• [AIM OF THE TASK] Starting from the line in which "어린이 클래식 베스트" appears, set down each line exactly through the end of the listing, and nothing else. Leave out pictures.

• [DATA SHOWN]
((
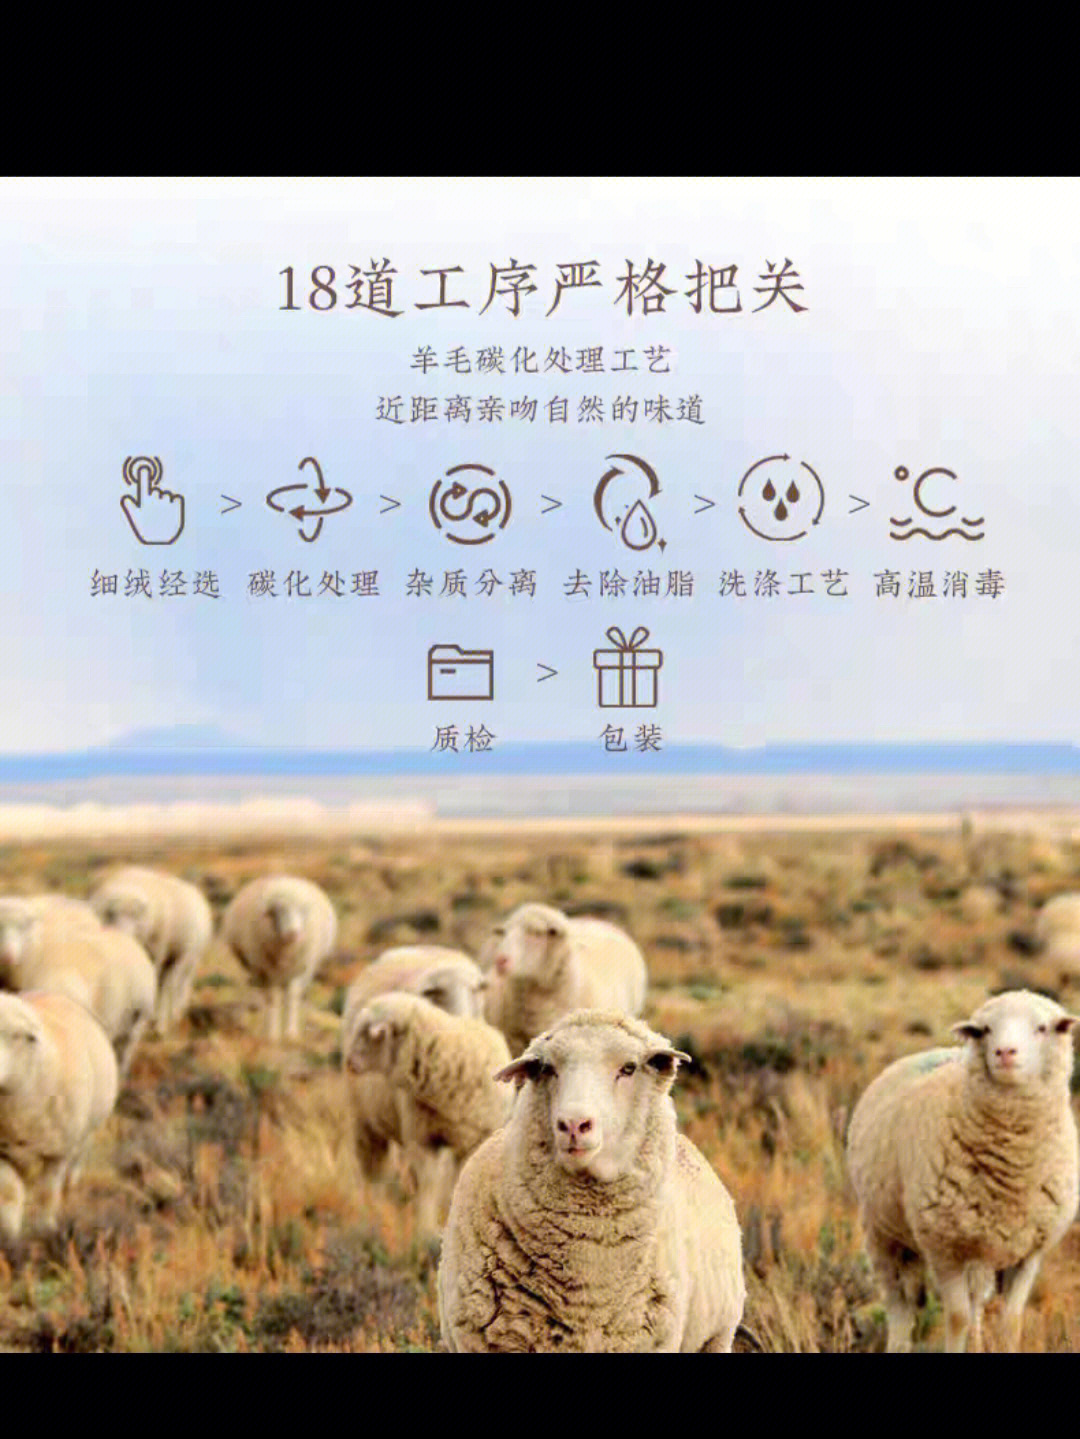 羊毛被广告录音图片
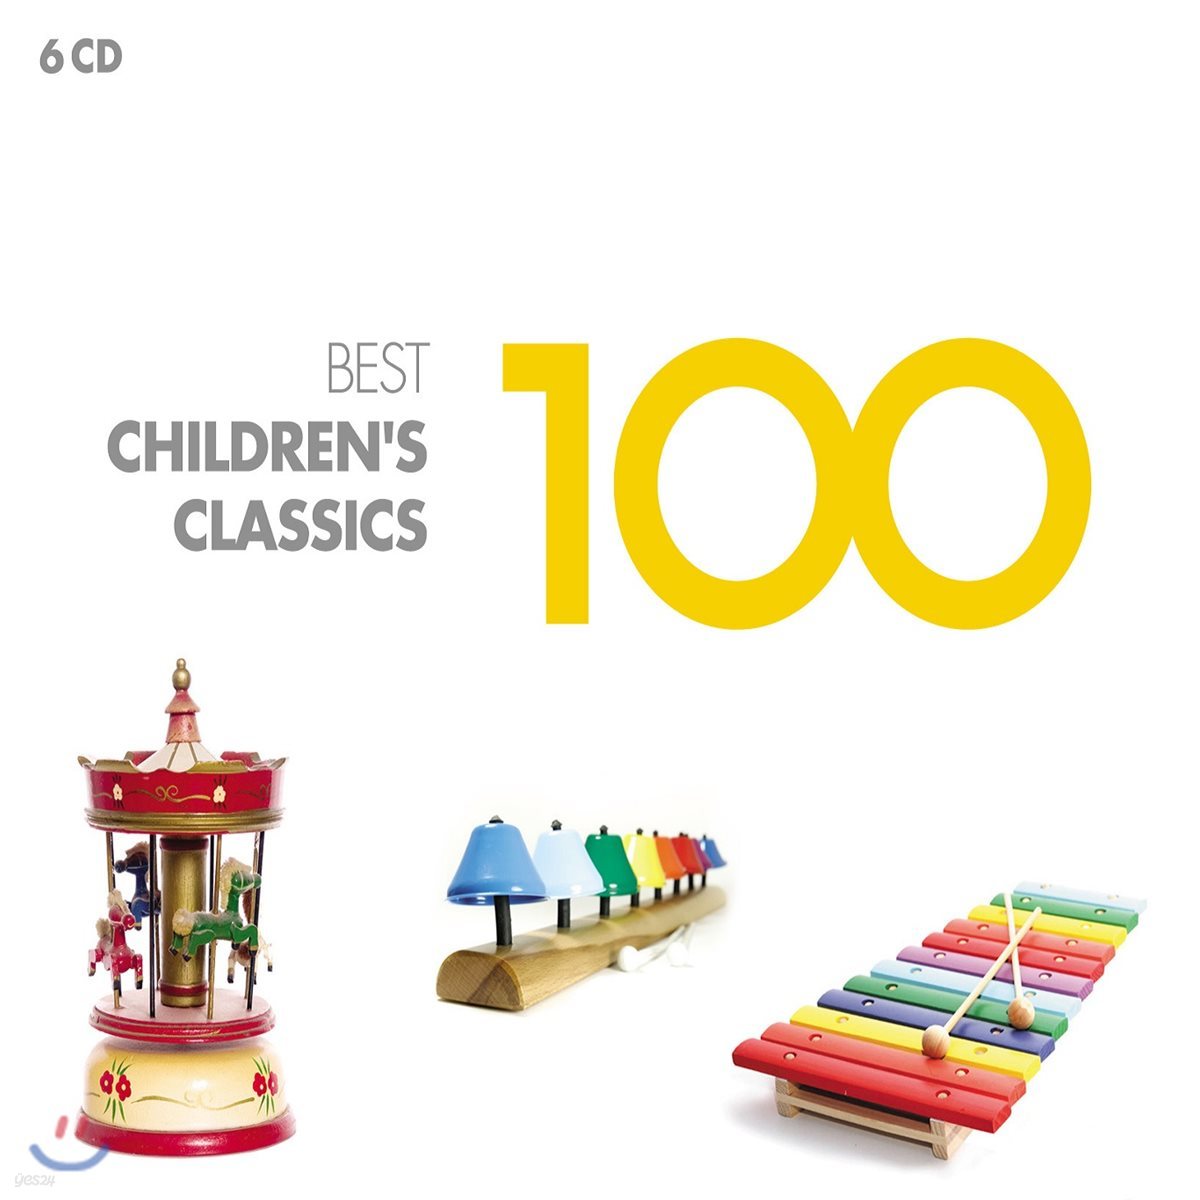 어린이 클래식 베스트 100 (100 Best Children's Classics)
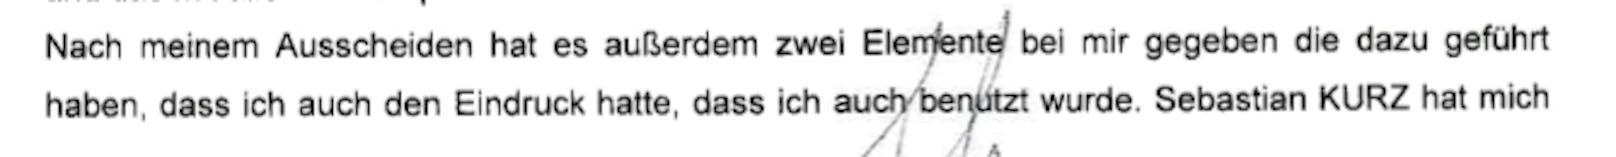 Thomas Schmid belastet Sebastian Kurz in 15 Einvernahmen massiv.
))
• [ANSWER]
 어린이 클래식 베스트 100 (100 Best Children's Classics)
 Thomas Schmid belastet Sebastian Kurz in 15 Einvernahmen massiv.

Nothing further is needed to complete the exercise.